Session state is serialized to the database, and will be available if the users session goes to another server in the cluster.
You can add your own session state by registering a new context element in BusinessContext.xml in the WC\xml\config\BusinessContext.xml, like so:
<BusinessContext ctxId="MyContext"
factoryClassname="com.ibm.commerce.context.factory.SimpleBusinessContextFactory" >
<parameter name="spiClassname" value="com.myorg.commerce.context.contentimpl.MyContextImpl" />
Then you need to tell which kinds of sessions your Context will be present in
<!-- web site store front configuration -->
<InitialBusinessContextSet ctxSetId="Store" >
...
<InitialBusinessContext ctxId="MyContext" createOrder="0" />
The context will be created along with all other contexts, and will be serialized to either the CTXDATA database table (for known users) and in a browser cookie for anonymous users.

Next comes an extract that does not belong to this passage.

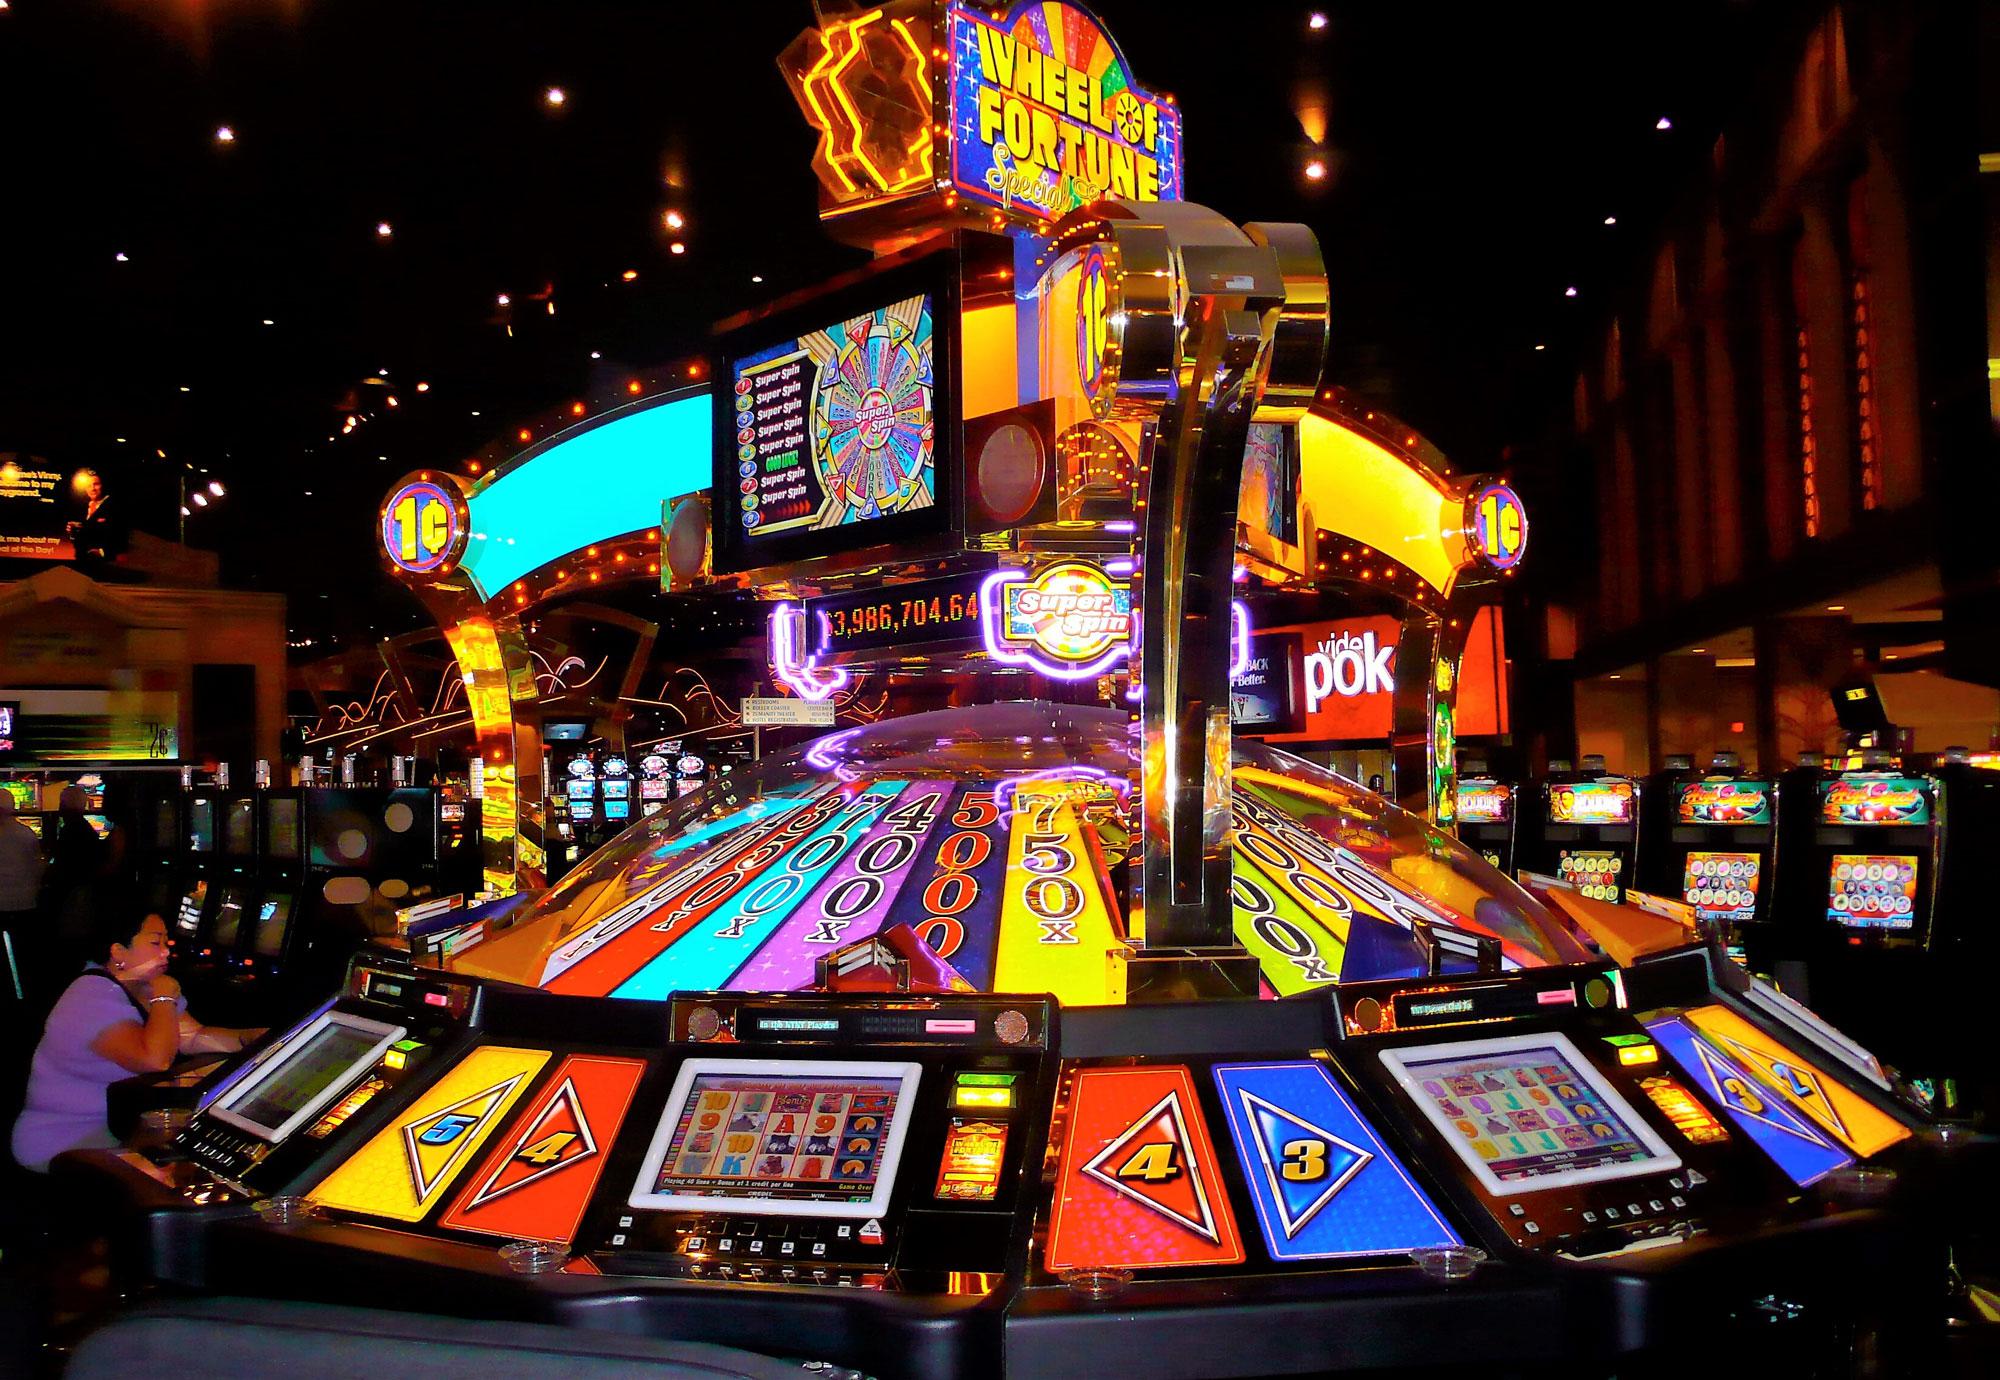 Система игровых автоматов с прогрессивным джекпотом. Автор фото LetNoun, flickr.com

Your context class should look something like this:
An interface class com.myorg.commerce.context.mycontextimpl.MyContext
public abstract interface MyContext extends Context
{
public static final String CONTEXT_NAME = "com.myorg.commerce.context.mycontextimpl.MyContext";
public abstract String getSomeValue();
public abstract void setSomeValue(String v);
}
And an implementation
public class MyContextImpl extends AbstractContextImpl
implements MyContext
{
}
After setting a new value, use "this.setDirty(true)" to flag the changes for persistance.
You must also override getContextAttributes to return the values of your context that needs to be serialized, and the setContextAttributes to re-establish the values.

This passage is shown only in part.